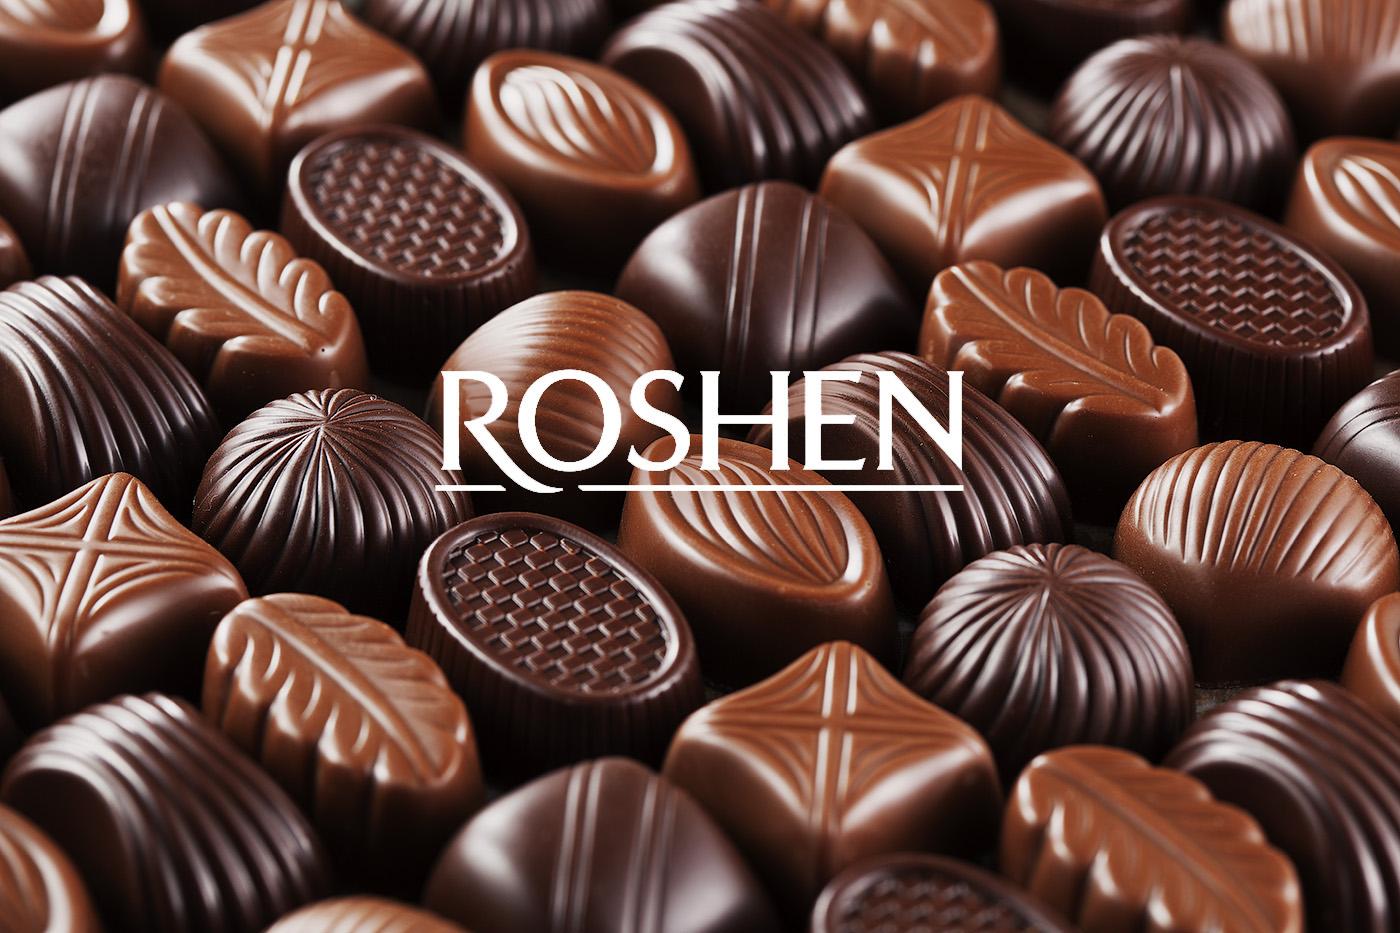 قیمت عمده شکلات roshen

● ● ●

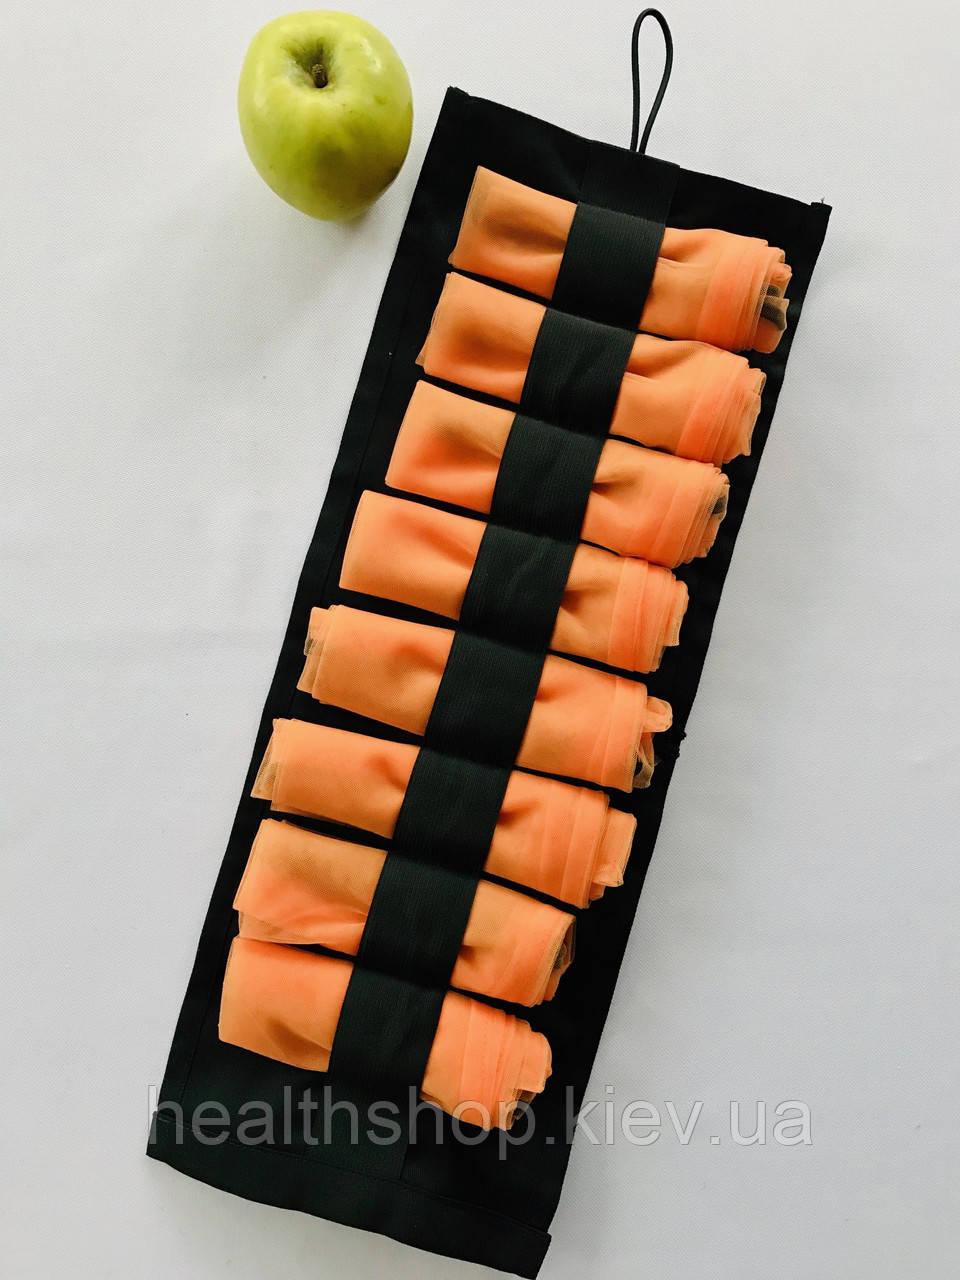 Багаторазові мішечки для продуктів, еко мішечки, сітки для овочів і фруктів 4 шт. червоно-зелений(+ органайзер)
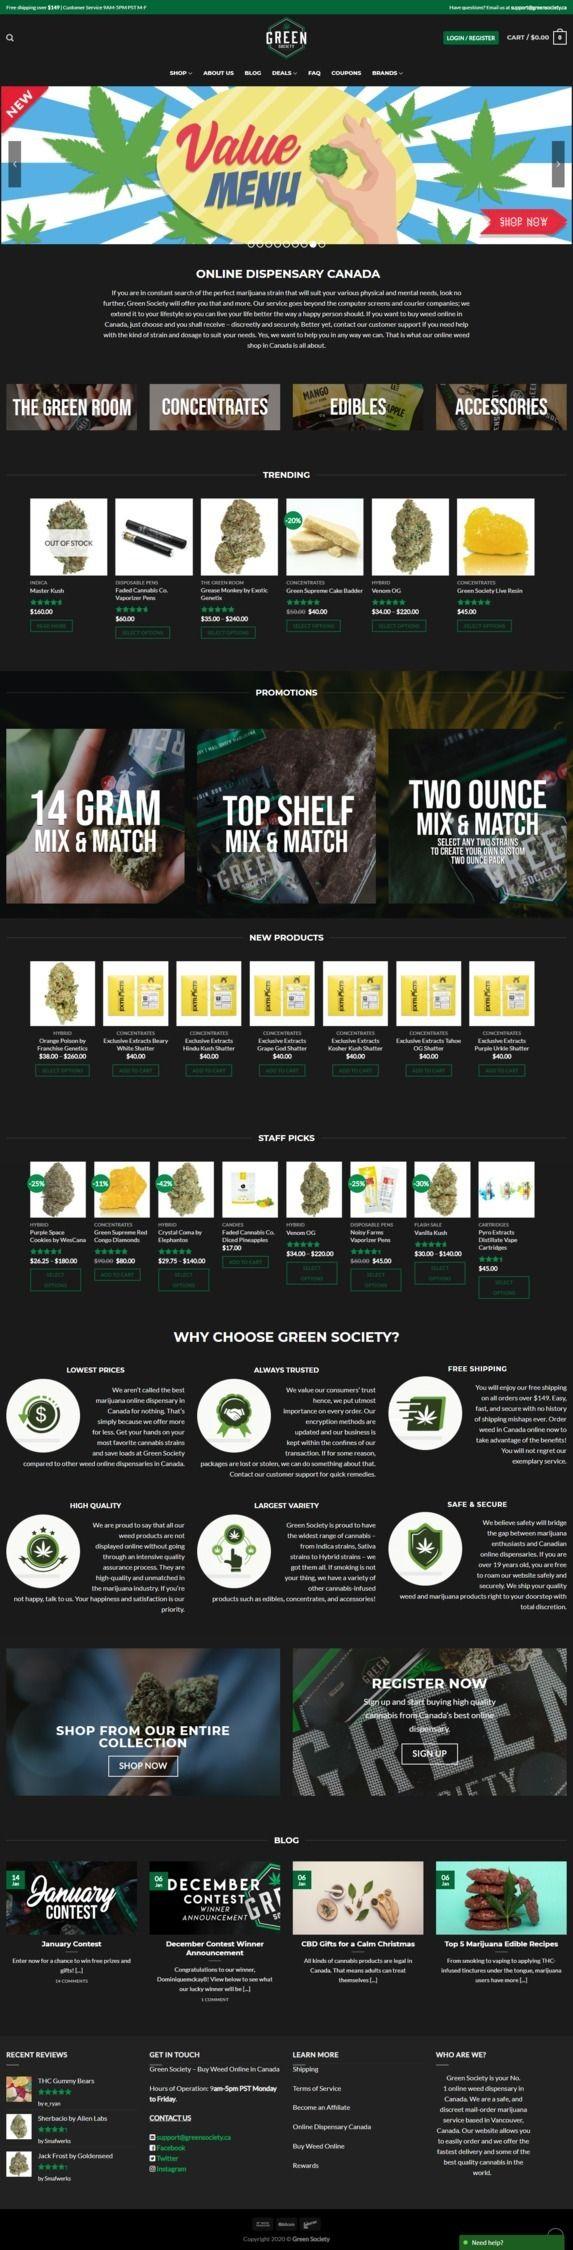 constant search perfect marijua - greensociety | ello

● ● ●

**Problem to work on:** Set the pictures aside and retype exactly the lines above from the line with "Багаторазові мішечки для" to the line with "constant search perfect", both included, adding no others.

**Solved problem:**
 Багаторазові мішечки для продуктів, еко мішечки, сітки для овочів і фруктів 4 шт. червоно-зелений(+ органайзер)
 constant search perfect marijua - greensociety | ello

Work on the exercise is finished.